# Extremely White Skunk - How Common?



## Yonkers

Hi All,

Big Reds has been showing me the ropes with some trapping the last few days and is feeding my newest outdoor interest.

Anyhow when checking the line today, he caught a very nice (at least I think so) skunk. It is nearly all white, just some black on the face and the legs. The body and full tail is pure white. A gorgeous skunk.

I saw one like this in another location, 1/2 hour or so away off an on the last year or so at my work.

Anyhow how common are skunks with this type of coloration? Anyone else catch any like this?


----------



## BirdieShooter

A few years ago I had a reverse skunk around my place for awhile. It wasn't albino, it was actually white with black stripes, pigment in its eyes and everything. Kinda cool, I wonder where he ever went?


----------



## Mister ED

Seams like the whiter the skunk, the higher the demand.


----------



## Yonkers

I can see that, this animal I found to be very beautiful. 

This was for sure not an albino, had black pigment in areas just was extremely white. Sounds like this is not unheard of, and of course more desired. Mister Ed - roughly how many of these have you run across?


----------



## Mister ED

Yonkers said:


> Mister Ed - roughly how many of these have you run across?
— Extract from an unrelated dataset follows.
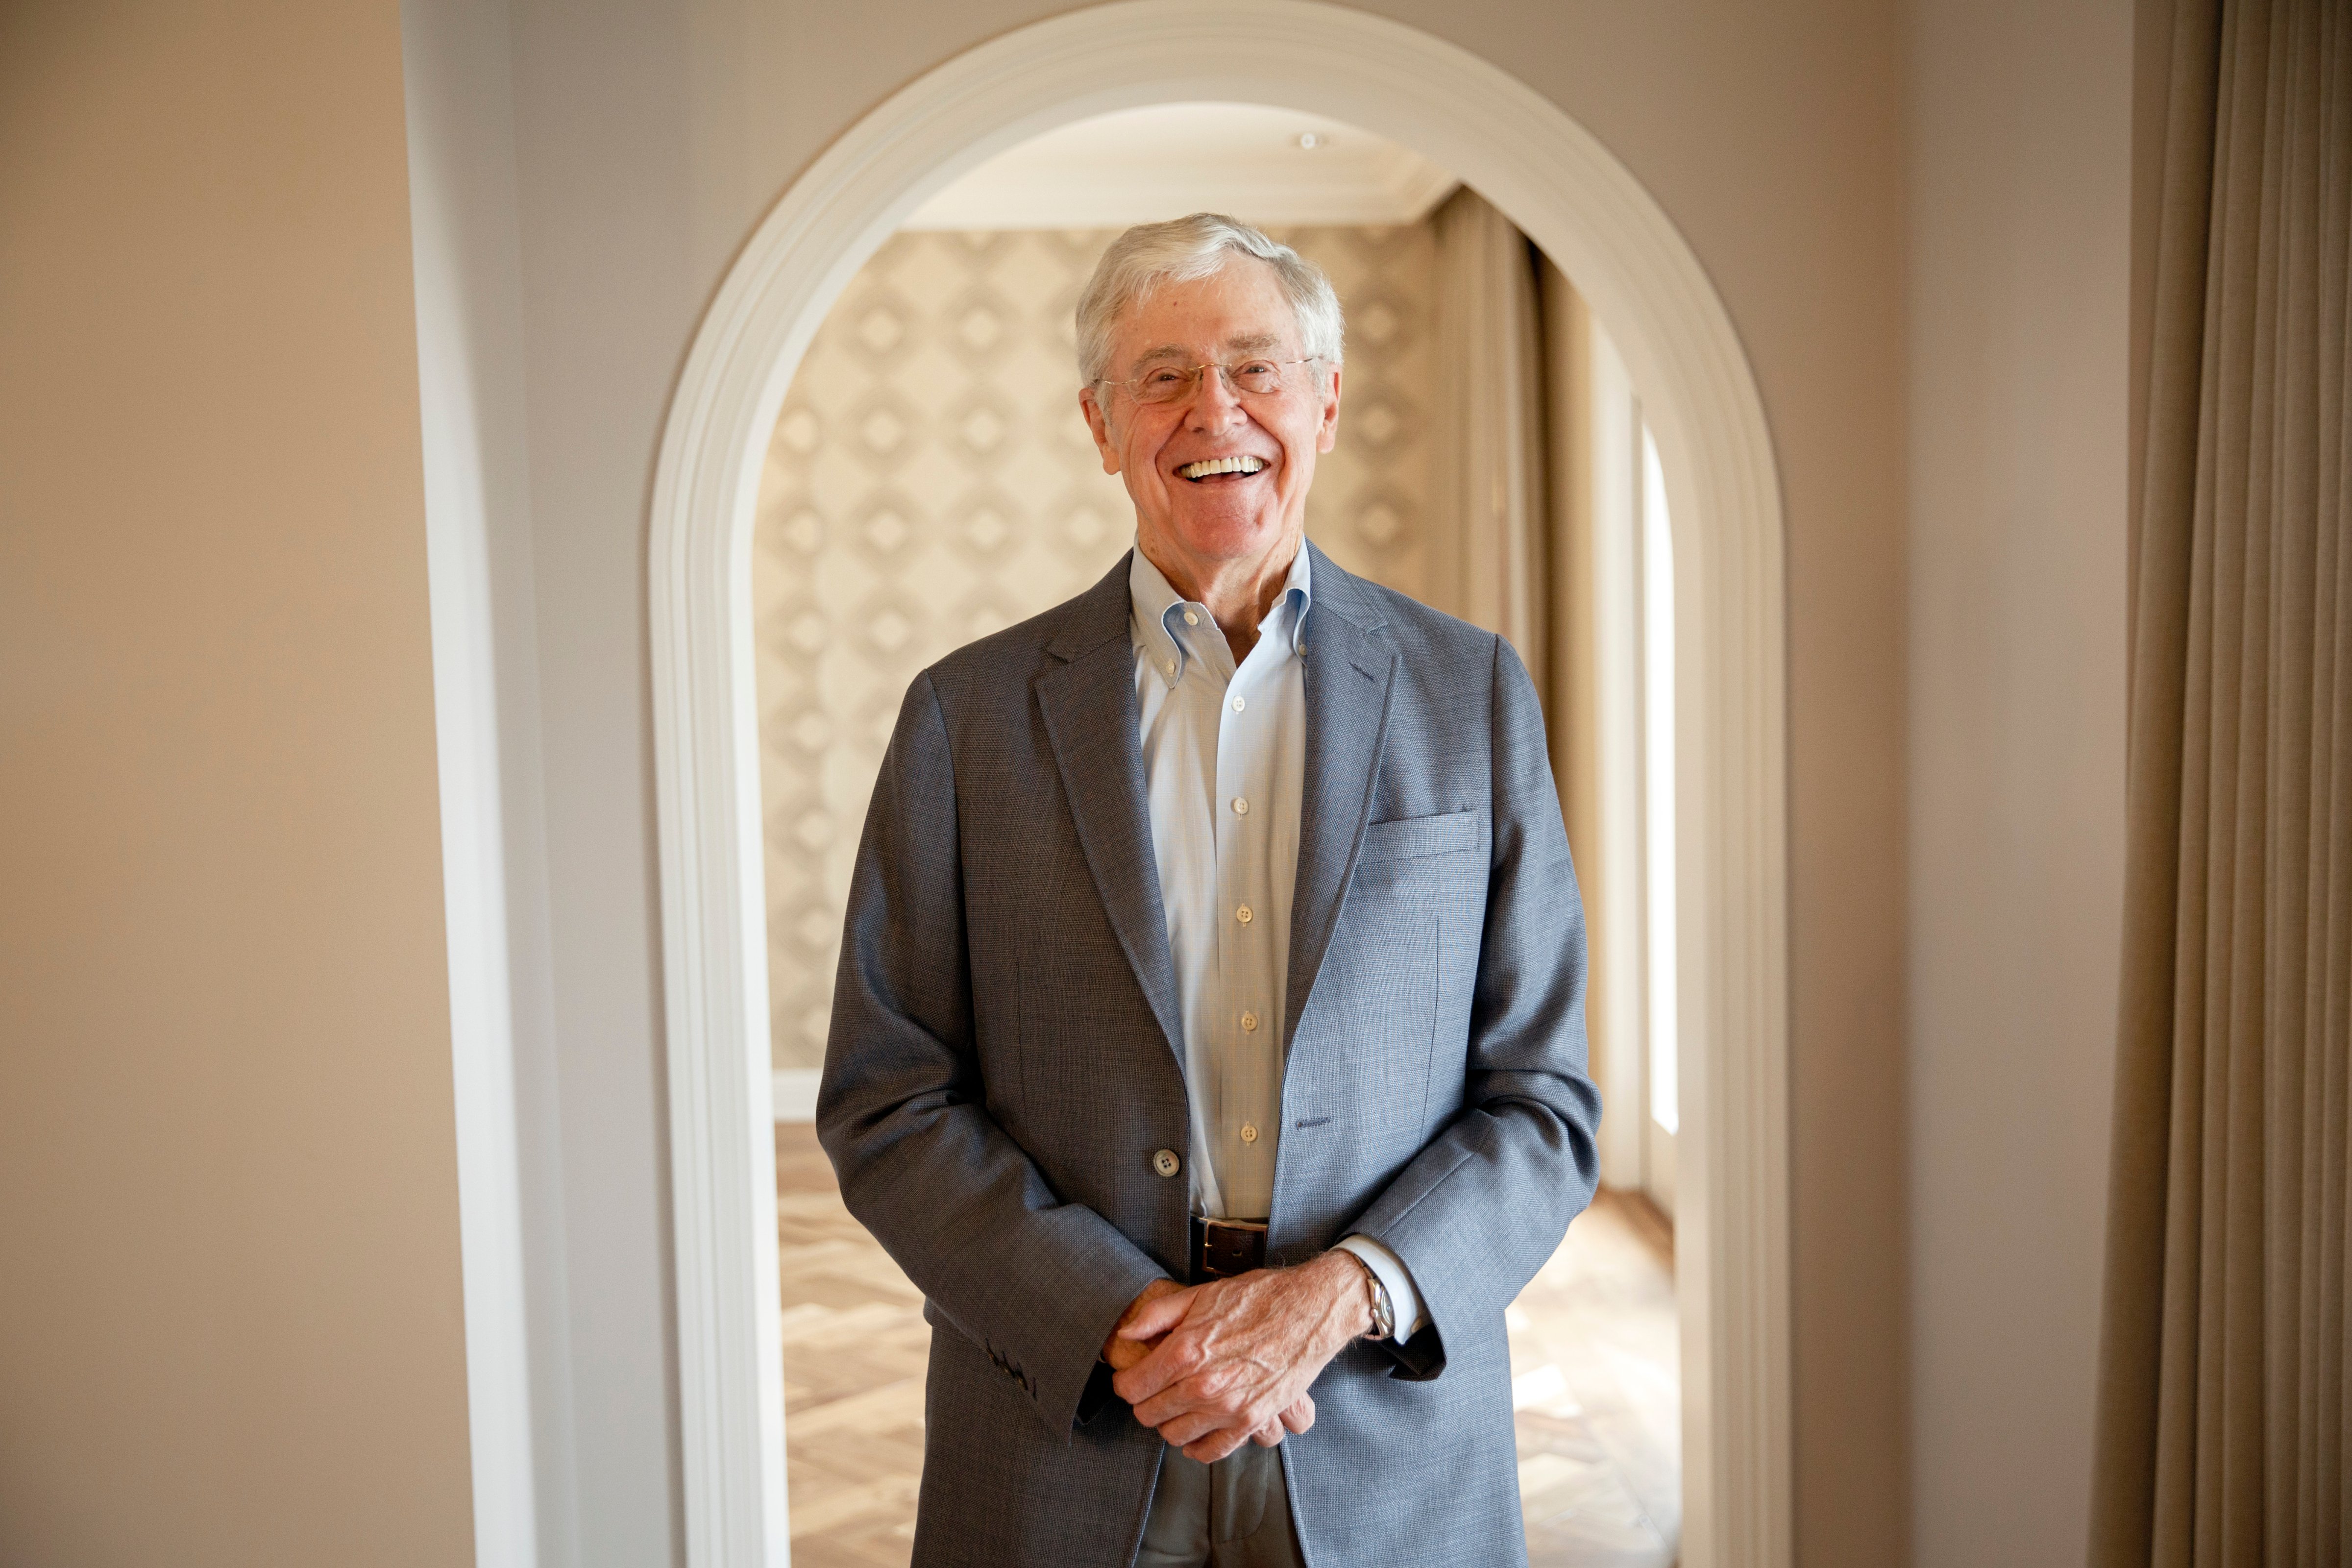 Charles Koch stands for a portrait after an interview with the Washington Post at the Freedom Partners Summit on Aug. 3, 2015 in Dana Point, CA (Patrick T. Fallon—The Washington Post/Getty Images)

 None ... LOL. I usually only get one skunk a year, at most. And then they are just your plain jane, stinkers.


----------



## BirdieShooter

Too funny! I just saw another of these tonight on my way in from the field. Caught a glimpse of white in the edge of my flashlight beam and sure enough, a reverse skunk. Amazingly and stunningly white. I was getting out my cell phone to take pics and it ran into some heavy cover. Too bad, it was just plain beautiful.


----------